5-) FETÖ terör örgütü mensupları ile özellikle 1980 darbesinden sonra bu ülkeye kaçarak yerleşen ve daha sonra Alman toplumunda etkin konumlara gelen Türk kökenli Marksist-Leninist unsurlar ile bölücü hainler ve bunlara ait kuruluşlar adeta el ele vererek Türkiye aleyhine yürütülen bu karalama kampanyasını organize etmekte ve Alman Hükümeti ile siyasilerde karşılık bulmaktadırlar. Sözde Türk kökenli Alman parlamenterler de burada başrole soyunmaktadırlar.

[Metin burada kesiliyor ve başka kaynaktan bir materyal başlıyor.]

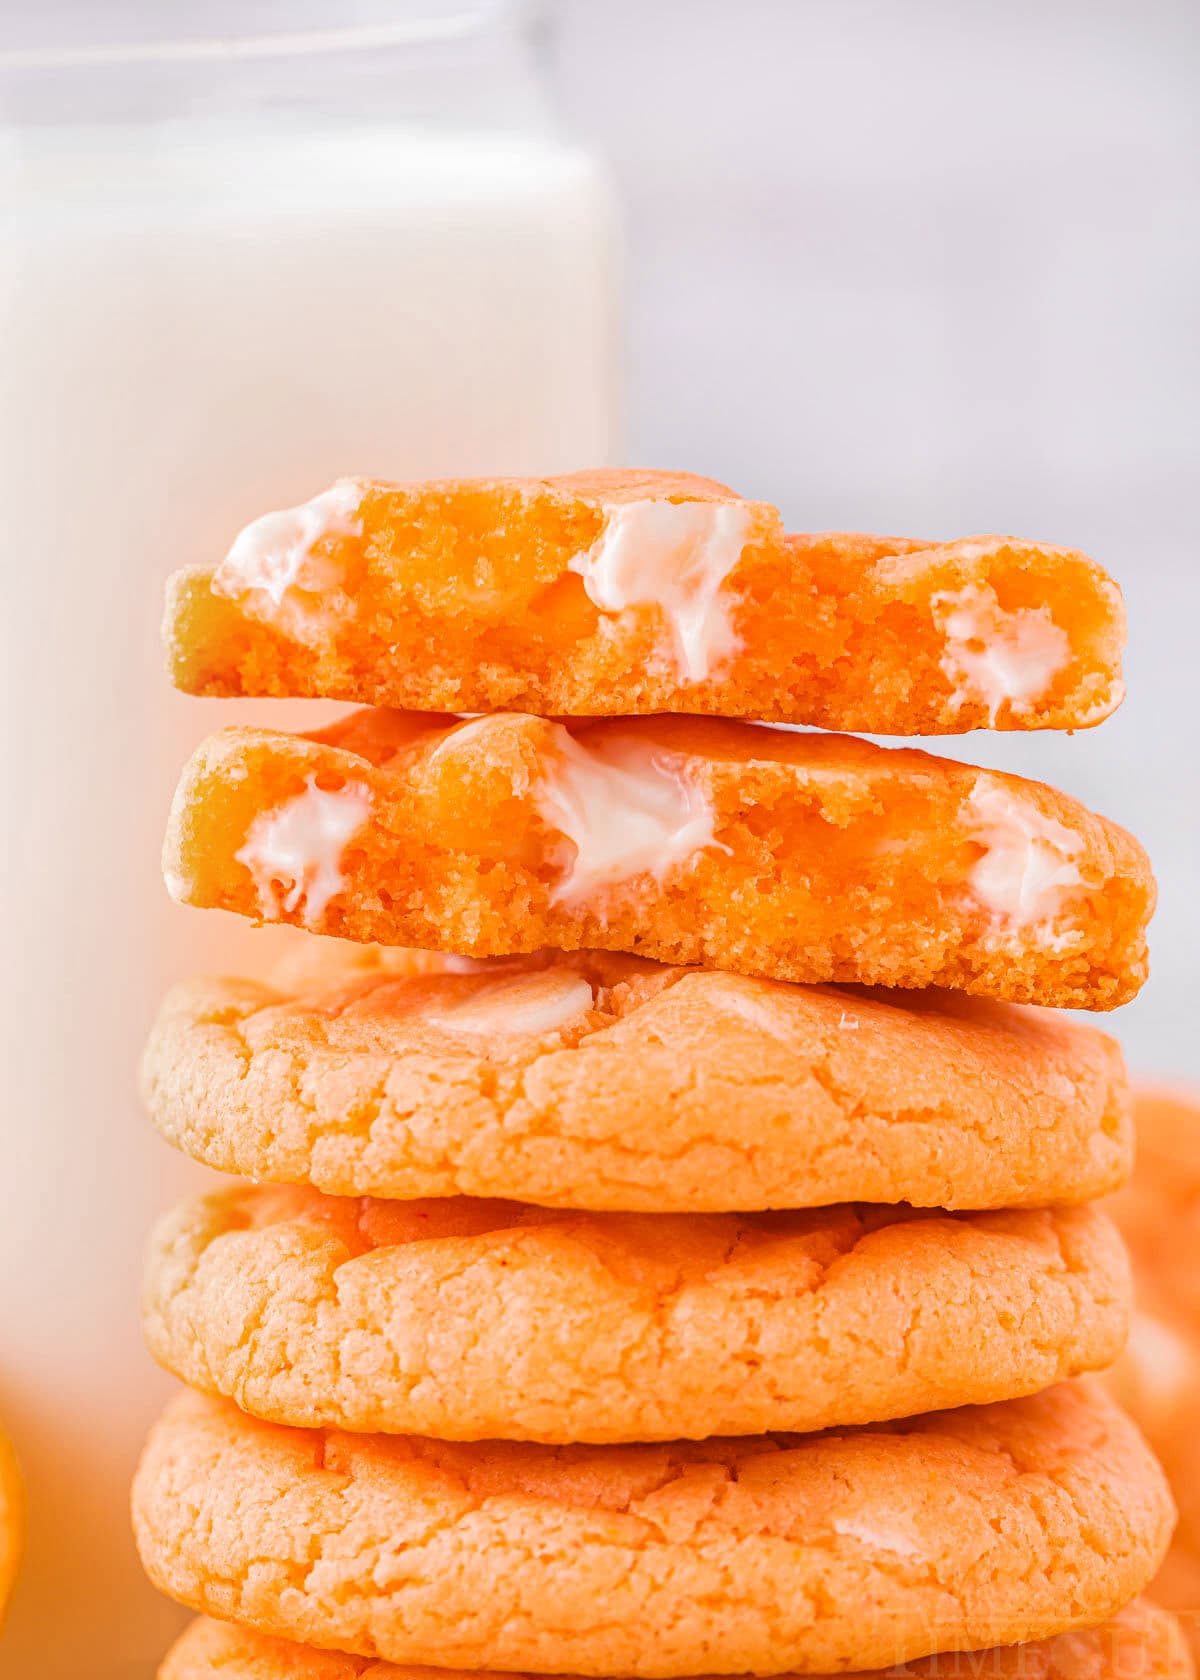 five orange cookies stacked with a glass of milk in background. top cookie is broken in half and you can see the melty white chocolate chips in the cookies.

6-) Bu kara propagandanın aynı zamanda Almanların ülkemize gelmesini engelleyerek Türk Turizmini ve ekonomisini hedefe koyduğu açıktır.

7-) Ülkemizde Alman basını tarafından Cumhurbaşkanı Erdoğan ve AKP Hükümet Yetkilileri ile yapılan röportajlarda demokrasimize karşı yapılan hain darbe girişimi perdelenerek idam tartışması ile ilgili sözler cımbızlanmakta, sanki başkaca konu kalmamış gibi tartışma tamamen bu noktaya odaklanarak idam cezası tartışılan, demokrasiyi askıya almış bu ülkenin Avrupa'da yeri olmadığı, derhal AB müzakerelerinin durdurulması gerektiği tezleri dillendirilmektedir.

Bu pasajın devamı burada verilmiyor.